# [Given data]
---

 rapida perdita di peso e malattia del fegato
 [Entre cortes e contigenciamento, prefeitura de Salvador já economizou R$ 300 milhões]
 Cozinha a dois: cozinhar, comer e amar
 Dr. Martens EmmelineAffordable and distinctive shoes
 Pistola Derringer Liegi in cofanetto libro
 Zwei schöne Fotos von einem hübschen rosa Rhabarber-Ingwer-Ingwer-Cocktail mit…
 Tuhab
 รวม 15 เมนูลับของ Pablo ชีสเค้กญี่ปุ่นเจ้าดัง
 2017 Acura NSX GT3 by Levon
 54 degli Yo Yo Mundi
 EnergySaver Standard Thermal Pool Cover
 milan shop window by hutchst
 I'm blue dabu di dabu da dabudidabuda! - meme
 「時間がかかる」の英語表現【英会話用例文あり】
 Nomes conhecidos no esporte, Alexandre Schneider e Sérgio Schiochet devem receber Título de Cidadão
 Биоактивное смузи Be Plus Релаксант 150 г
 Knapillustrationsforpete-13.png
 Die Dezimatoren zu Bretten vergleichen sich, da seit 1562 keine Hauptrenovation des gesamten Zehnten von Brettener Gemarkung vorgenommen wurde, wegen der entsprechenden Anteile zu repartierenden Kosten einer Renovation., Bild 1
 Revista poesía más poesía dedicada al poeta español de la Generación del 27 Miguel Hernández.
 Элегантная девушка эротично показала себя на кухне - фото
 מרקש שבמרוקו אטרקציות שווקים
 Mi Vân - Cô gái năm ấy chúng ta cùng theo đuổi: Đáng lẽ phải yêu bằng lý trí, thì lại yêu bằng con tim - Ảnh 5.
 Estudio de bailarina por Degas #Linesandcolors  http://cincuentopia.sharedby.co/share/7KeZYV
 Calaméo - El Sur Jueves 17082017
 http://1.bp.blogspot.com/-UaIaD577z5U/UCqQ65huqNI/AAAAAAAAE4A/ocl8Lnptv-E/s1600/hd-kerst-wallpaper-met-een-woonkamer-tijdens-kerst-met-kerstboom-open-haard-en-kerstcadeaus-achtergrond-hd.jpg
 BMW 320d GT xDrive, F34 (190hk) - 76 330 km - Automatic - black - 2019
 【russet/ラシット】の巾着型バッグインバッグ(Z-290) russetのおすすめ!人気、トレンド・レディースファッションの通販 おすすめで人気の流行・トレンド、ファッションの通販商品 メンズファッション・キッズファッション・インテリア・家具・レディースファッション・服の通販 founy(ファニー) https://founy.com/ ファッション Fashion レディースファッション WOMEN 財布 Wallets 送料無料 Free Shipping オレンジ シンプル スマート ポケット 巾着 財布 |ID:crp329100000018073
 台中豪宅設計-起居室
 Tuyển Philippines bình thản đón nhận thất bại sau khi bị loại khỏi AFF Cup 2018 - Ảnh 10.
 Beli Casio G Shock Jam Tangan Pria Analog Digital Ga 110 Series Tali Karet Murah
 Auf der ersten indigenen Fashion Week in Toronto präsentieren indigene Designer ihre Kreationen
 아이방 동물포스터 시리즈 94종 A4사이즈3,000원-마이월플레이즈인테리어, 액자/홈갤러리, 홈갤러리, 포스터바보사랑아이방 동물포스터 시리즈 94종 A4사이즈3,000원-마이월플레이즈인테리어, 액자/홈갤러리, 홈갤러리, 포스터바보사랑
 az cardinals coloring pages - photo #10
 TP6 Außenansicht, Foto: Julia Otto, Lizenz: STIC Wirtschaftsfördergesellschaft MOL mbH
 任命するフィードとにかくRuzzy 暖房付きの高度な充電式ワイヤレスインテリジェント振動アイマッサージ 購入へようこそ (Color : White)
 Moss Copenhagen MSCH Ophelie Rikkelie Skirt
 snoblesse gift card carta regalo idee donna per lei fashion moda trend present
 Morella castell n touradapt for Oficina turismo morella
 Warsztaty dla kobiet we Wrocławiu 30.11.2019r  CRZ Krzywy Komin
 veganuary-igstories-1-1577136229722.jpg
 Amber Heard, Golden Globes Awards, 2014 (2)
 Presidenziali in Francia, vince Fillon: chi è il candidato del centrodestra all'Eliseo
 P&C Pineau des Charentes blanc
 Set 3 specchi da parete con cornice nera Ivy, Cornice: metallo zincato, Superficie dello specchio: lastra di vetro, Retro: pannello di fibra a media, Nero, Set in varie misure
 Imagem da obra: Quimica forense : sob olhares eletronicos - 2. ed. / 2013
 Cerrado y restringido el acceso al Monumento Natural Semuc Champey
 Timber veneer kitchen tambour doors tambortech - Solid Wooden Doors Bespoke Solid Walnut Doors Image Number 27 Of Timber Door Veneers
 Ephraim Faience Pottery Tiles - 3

---

# [Task directions]
Output only an exact transcription of the lines above from the one with "Auf der ersten" up to and including the one with "Moss Copenhagen MSCH Ophelie Rikkelie Skirt".

# [Response to the exercise]
 Auf der ersten indigenen Fashion Week in Toronto präsentieren indigene Designer ihre Kreationen
 아이방 동물포스터 시리즈 94종 A4사이즈3,000원-마이월플레이즈인테리어, 액자/홈갤러리, 홈갤러리, 포스터바보사랑아이방 동물포스터 시리즈 94종 A4사이즈3,000원-마이월플레이즈인테리어, 액자/홈갤러리, 홈갤러리, 포스터바보사랑
 az cardinals coloring pages - photo #10
 TP6 Außenansicht, Foto: Julia Otto, Lizenz: STIC Wirtschaftsfördergesellschaft MOL mbH
 任命するフィードとにかくRuzzy 暖房付きの高度な充電式ワイヤレスインテリジェント振動アイマッサージ 購入へようこそ (Color : White)
 Moss Copenhagen MSCH Ophelie Rikkelie Skirt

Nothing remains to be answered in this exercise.